Lamvorongur Community School is a community initiative that started as an early childhood development center and has since graduated to a primary school. Located in Mboira parish, Kigumba sub-county, Kiryandongo district, the school has an enrollment of 342pupils (193girls and 149boys) with one 4stance latrine which is semi permanent and all its classrooms are also semi permanent. Pupils from this school fetch water from a shallow well that was constructed by The Water Trust situated 1.5km away from the school. Mr. Munguaciel David the head teacher of the school says that the community started this school with plans to hand it over to government which has taken long as coding of new schools was suspended by the Ministry of Education. Mr. Kirya Edward the Kiryandongo District Education Officer (DEO) explained that for the district or local government to allocate infrastructure (Latrines, boreholes, classrooms desks) in such schools, government must first take over the school after the Ministry of Education has coded it. He further revealed that his district had played its part and only awaits communication about the grant aiding from the ministry.

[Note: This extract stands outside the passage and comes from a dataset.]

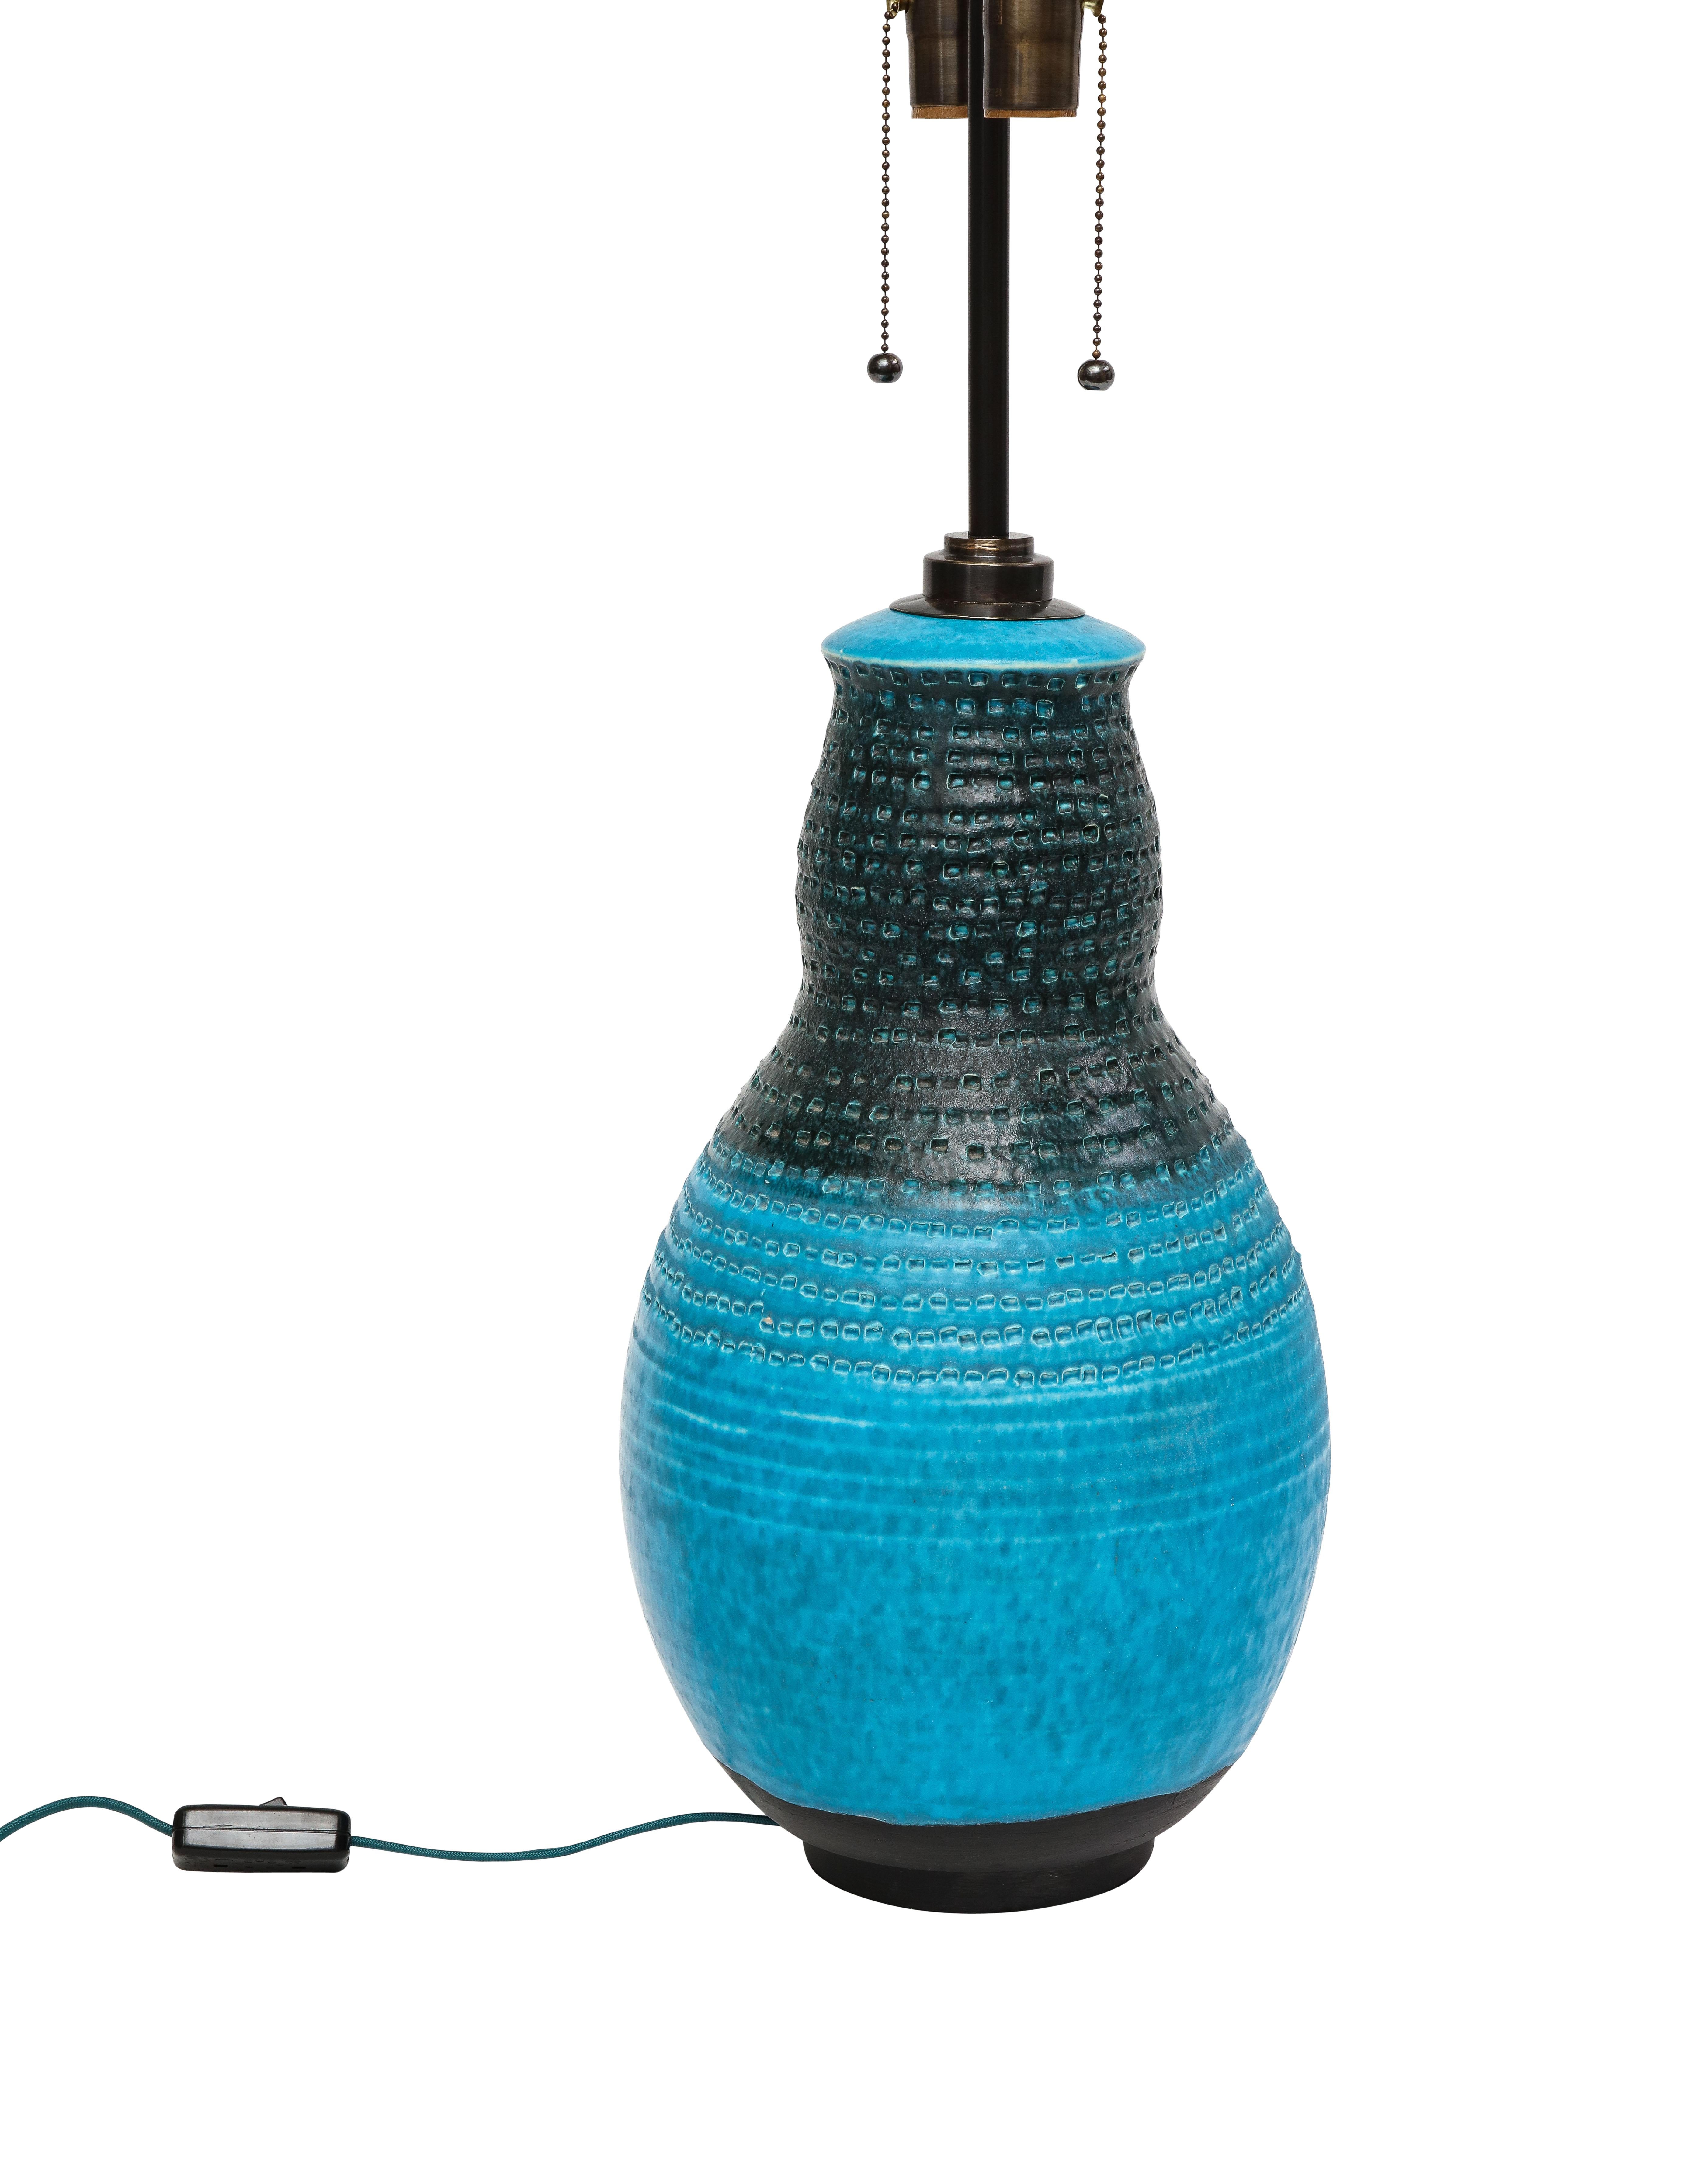 Mid-20th Century Alvino Bagni Table Lamp, Ceramic, Blue, Black, Impressed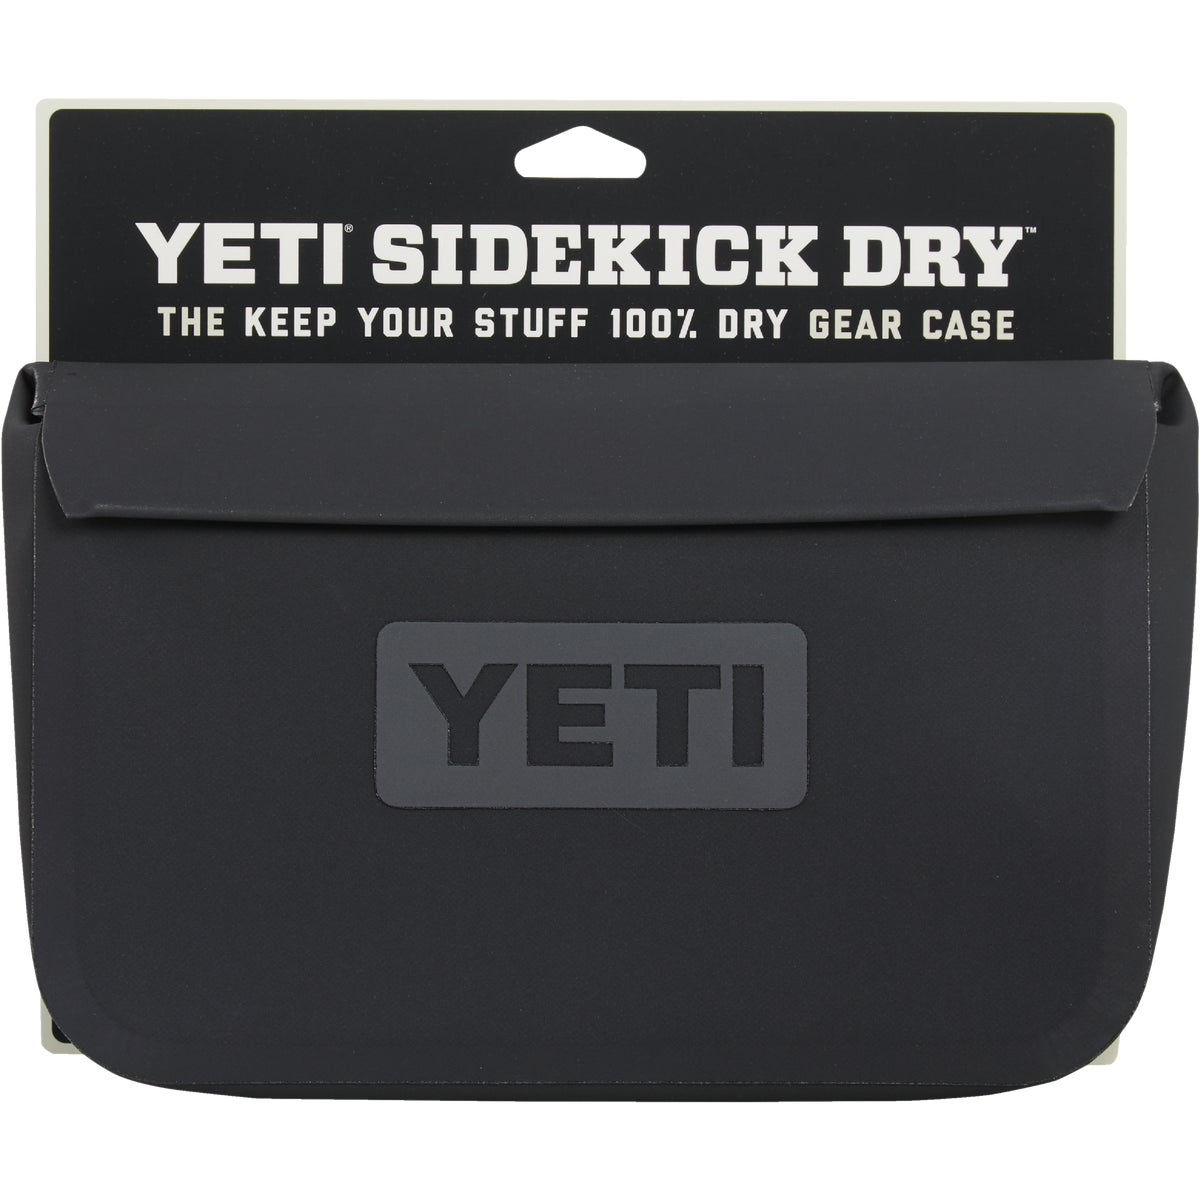 Yeti SideKick Dry 11 In. Charcoal Storage Pouch

The Water Trust was invited to this school to assist the community and parents of the school in constructing a water source. Due to its location at a high altitude, the only technology to deliver water to this school was through drilling a borehole. According to the WHO, diseases due to poor water supply, sanitation, and personal and domestic hygiene cause 4.0% of all deaths and 5.7% of all disability or ill health in the world. Moreover, waterborne illnesses predominantly affect the poor and the young. When basic water, sanitation, and hygiene interventions are applied, waterborne illnesses can be effectively reduced (

As we drill the borehole for the school, our social team will assist the school to foam a school health club which will do peer to peer advocacy of sanitation and hygiene related issues on a daily basis. The school has also pledged to make every Friday as a school clean day when sanitation and hygiene matters will debated in all classes.


December 12, 2014

Today we sited a suitable location for drilling the borehole. Both TWT technical staff and Ikon project (the drilling company) agreed at one point where drilling will be done in a few weeks to come.

February 9, 2015

Today the drilling company returned and drilled up-to 59.4m deep into the ground. Water was struck twice and screens were placed at both points. The site has now been covered as we plan to return for pump testing.

March 8, 2015

As a procedural measure, today we tested the quality of water ahead of pump installation which is scheduled for tomorrow.

March 9, 2015

Today we delivered our promise to Lamvorongur Primary school!  The pump was successfully installed and water is no longer an issue to the school. The current issue now is sustainability of the project of which the school management has promised to ensure that a live fence is planted around the well.

April 17, 2015

Today we returned to this community school to monitor the project and found when the school management committee had fulfilled their pledge of fencing the water source. Alive fence was planted around the borehole and is being maintained. With this commitment from the users, we are optimistic that the water source is in good hands.


The Community Development Officer (CDO) encourages each household to follow the main objectives of TWT’s Sanitation and Hygiene Program, which are the use of latrines and observing proper hygiene practices as these goals are inherently connected to the provision of clean water. Open defecation, water storage in unclean containers and the absence of hand washing at critical times are all possible contaminates to the water supply at the household level. , TWT works toward sustainable, interdisciplinary WASH development.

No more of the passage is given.